Can you name one Hollywood movie you’ve seen this year that had a
good script? How about one with
a good story? How about one
with good acting?
I remember how I
felt after I saw All About Eve and Sweet Smell of Success the
first time. I felt that I had
seen something remarkable. I felt that everyone involved with each was a consummate
professional. I felt that each
came close to perfection. The
writing of each blew me away.
That’s how I
feel today after seeing Swimming Pool, a film not made by Hollywood,
thank you. Sarah Morton
(Charlotte Rampling) is a dispirited, disagreeable successful writer of
mysteries. She is turned off by
people who recognize her and fawn all over her, telling her how much they
like her books and all. I’ll
stop here because the movie almost fell apart for me right there, at the
outset. I don’t know any
writer, and I know a few (remember, I’m a writer!) who doesn’t like to
be recognized and, yes, fawned over. Don’t
believe me? I’m in the
process of reading William Goldman’s (Butch Cassidy and the Sundance
Kid, All the President’s Men, etc.) second volume of his
autobiography, More Adventures in the Screen Trade. One
constant theme is the under-appreciation of writers.

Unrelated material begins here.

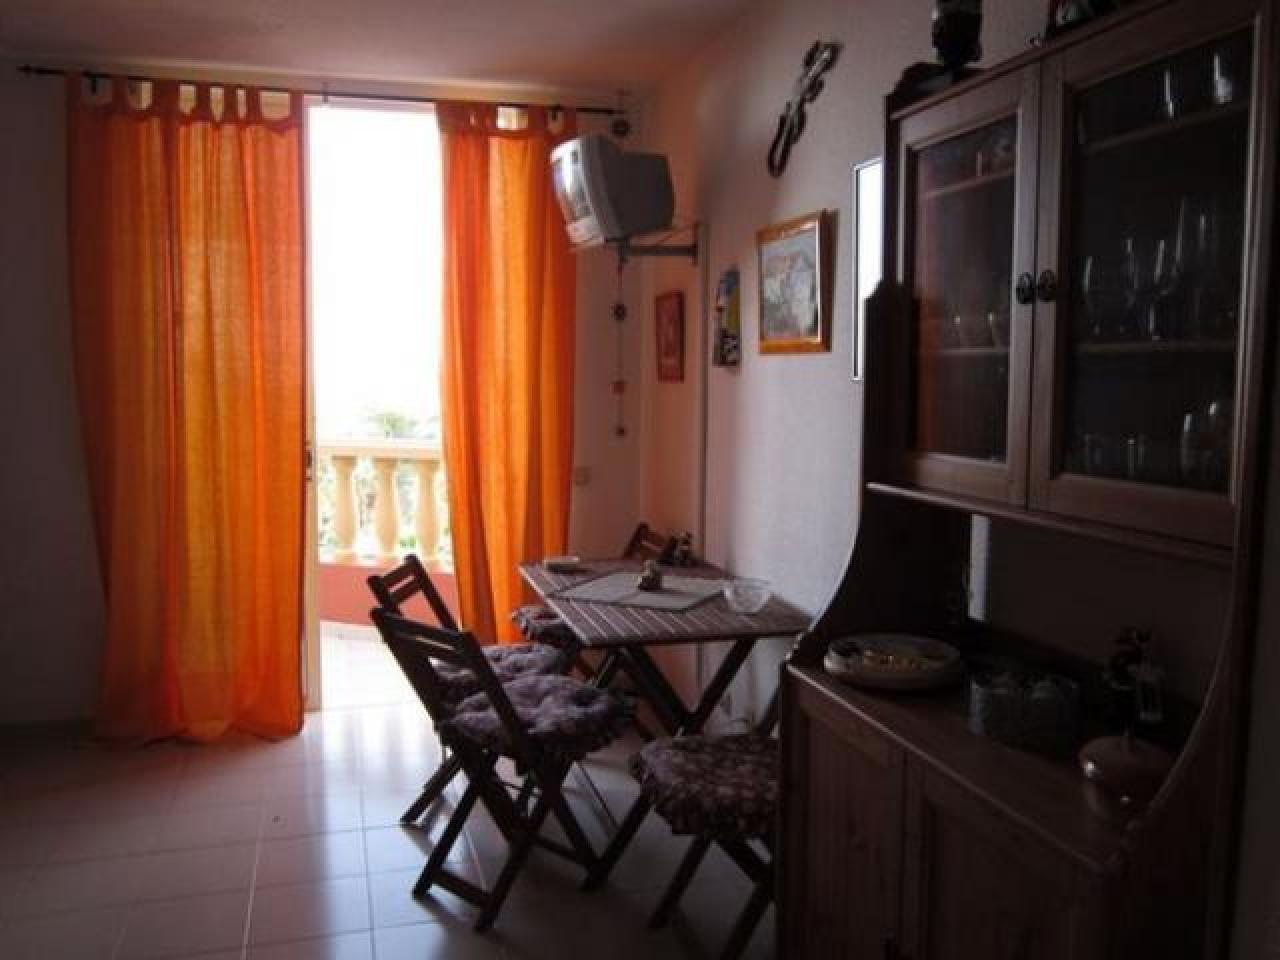 Apartment in Tenerife to rent - 5

Writers generally welcome the plaudits of the crowd, because, for one
thing, they are so rare. If you see me and want to fawn over something
I’ve written, feel free.
But, despite this
flaw, I recognized it as a plot device so hung in there.
If you’re not a writer, it won’t bother you.
Sarah has the hots for her publisher, Charles Dance (John Bosford),
so she unloads on him and he suggests she visit his country house in France
as a locale from which to write her next mystery.
She accepts, on the proviso that he visit her there, which he agrees
to do.
She arrives and
starts writing. Shortly thereafter, Dance’s sexy, mysterious daughter,
Julie (Ludivine Sangier) arrives unexpectedly.
Sarah rejects Julie’s attempts at being friendly.
Julie cavorts half naked throughout most of the movie and brings in
odd men for one-night stands, all of which upset Sarah’s equanimity.
Sarah can’t make contact with Charles to tell him in person of her
complaints. From that point,
things go from strange to stranger. Julie’s
weird. Sarah changes.
This
is a magnificent script by Emmanuele Bernheim and Francois Ozon, who also
directed. Ozon wrote and
directed 8 Women last year, which was one of the better movies I saw
in 2002. He’s topped himself
here. This is a recondite story that’s extremely well acted by everyone,
but especially Rampling and Sangier. The
story is enthralling and keeps you involved up to the ending, as you try to
figure out what’s going on. So
far, this is the best movie I’ve seen this year.